Abstract
Poster session 3, September 23, 2022, 12:30 PM - 1:30 PM
Objectives
The genus Aureobasidium includes 14 species, amongst which Aureobasidium pullulans is the most well-known species. Aureobasidium pullulans, includes two well-documented varieties found in indoor environments and associated with health issues: A. pullulans var. pullulans and A. pullulans var. melanogenum. Aureobasidium pullulans is a mold belonging to the family Dothioraceae. It colonizes nails, hair, and skin in humans. Deleterious immune reactions may occur in humans, like hypersensitivity pneumonitis and allergies. Respiratory allergies may result due to high levels of Aureobasidium in the air. The metabolites of the mold, like mycotoxin, are known to cause toxic-irritant effects. In view of this, the present work evaluates the effects of the toxic secondary metabolites of A. pullulans var. pullulans (CBS 577.93) in a murine model.
In order to maximize the toxicological potential of A. pullulans pullulans (CBS 577.93) for the production of mycotoxins, an understanding of its mode of action in an animal model is necessary. In the present study, we report the mycotoxicological activity of A. pullulans pullulans (CBS 577.93) in experimental mice.
Material and Methods
Mycotoxins isolated from A. pullulans pullulans (CBS 577.93) were used for the experimental induction of mycotoxicosis in Swiss mice (C3HHC strain). The mycotoxin was administered intraperitoneally (IP) and intranasally (IN). To assess the toxic effects of the A. pullulans mycotoxins, eight organs, namely liver, lungs, kidney, spleen, stomach, heart, brain, and testis, were taken into consideration. The hematological, histopathological, and biochemical aspects of A. pullulans-induced mycotoxicosis were investigated.
Results
Behavioral observations—A significant decrease in the consumption of feed in both IN and IP groups was noted. The weights of the mice increased in both the IP and IN groups.
Anatomical observations—Gross lesions on the liver and lungs and the presence of cysts or polyps were noted on autopsy in both groups. Likewise, relative organ body weight percentage also increased in all the organs except the testis.
Hematological analysis—Lymphocytosis and neutropenia were observed in IP as well as IN groups.
Biochemical analyses—Elevated malondialdehyde (MDA), reduced catalase (CAT) and superoxide dismutase (SOD) production; abnormal levels of aspartate transaminase (AST) and alanine transaminase (ALT) were observed, which signifies A. pullulans mycotoxin induced oxidative stress.
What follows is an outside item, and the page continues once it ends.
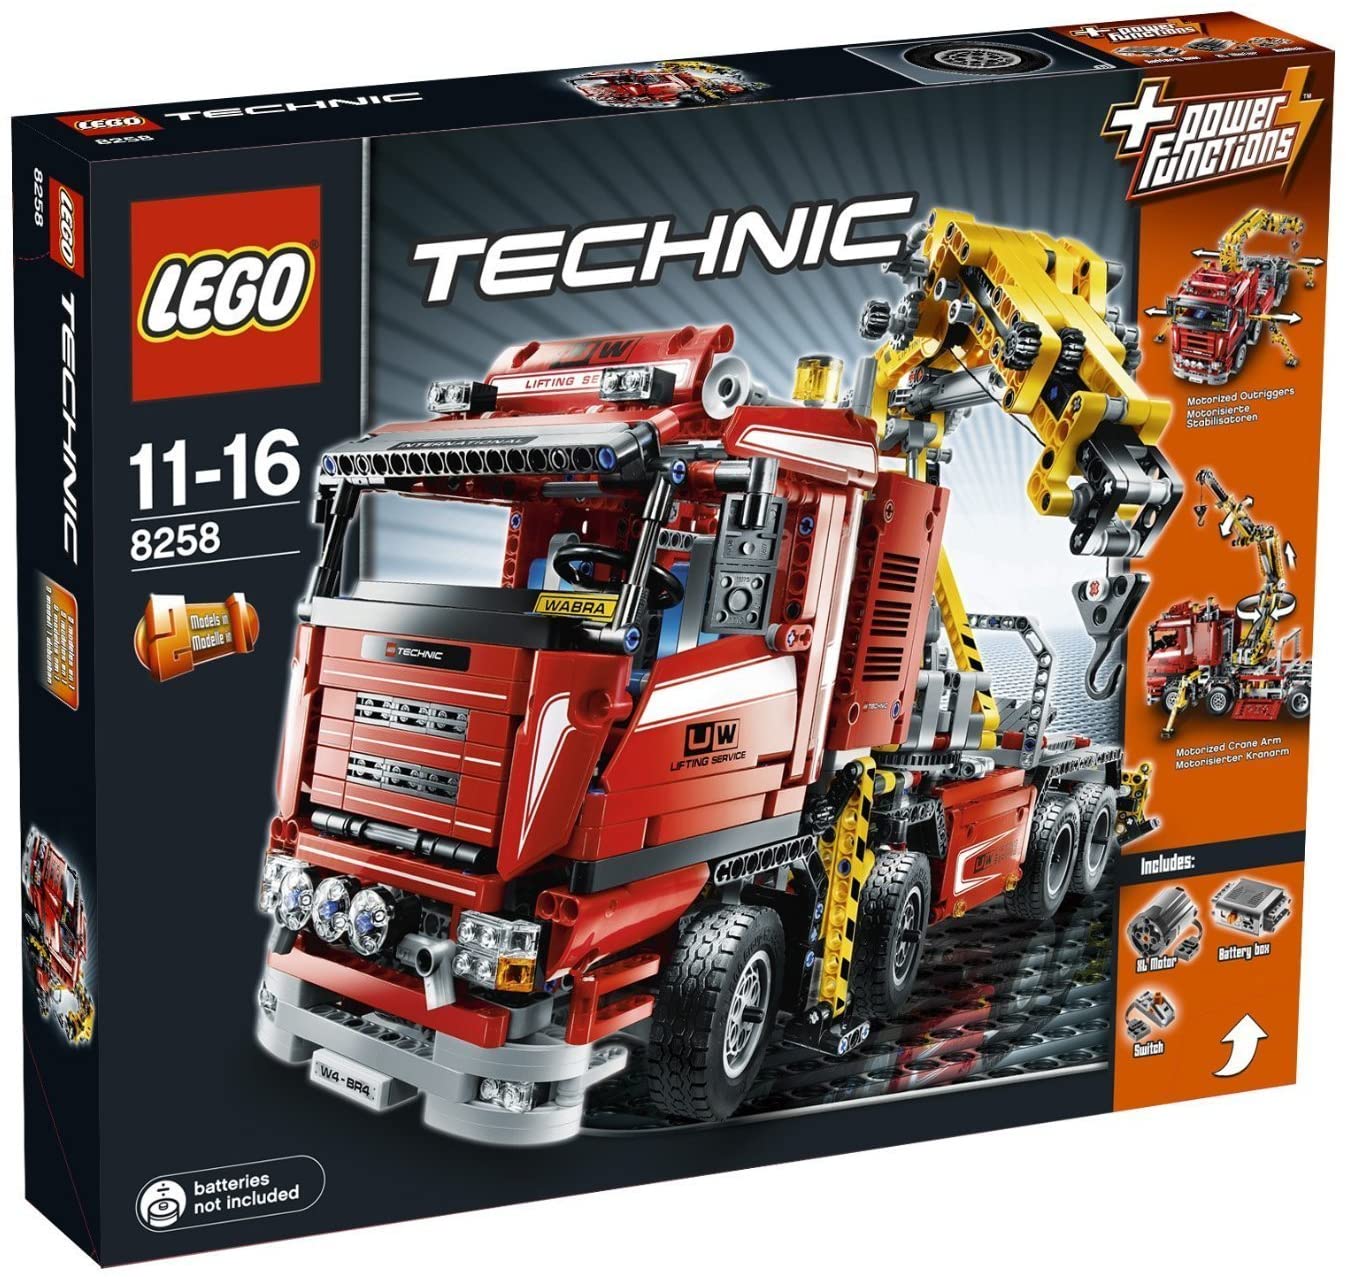 7 Best LEGO Crane Sets 2023 - Buying Guide & Reviews 6

Histological observations—Histopathological changes characterized by inflammation and amyloid in the liver, edema in the lungs, tubule hypertrophy in renal tissues, angiectasis in the spleen, hyperplasia in gastric tissues, neurodevelopmental anomaly in the brain, and degeneration in the testis were observed.
Cell apoptosis factor—The reduced activity of caspase-3 enzyme was noted in both the mycotoxicosis-induced groups.
Conclusion
Thus, from the present study, we concluded that mycotoxins isolated from A. pullulans (CBS 577.93) documented toxicity in all eight organs, with the testis and lungs being the worst affected organs. Even at a very small concentration and short exposure, the mycotoxin caused severe damage to the vital organs. New risk assessment approaches should be considered to investigate the toxicological interactions of A. pullulans mycotoxins in the indoor environment and in animal models.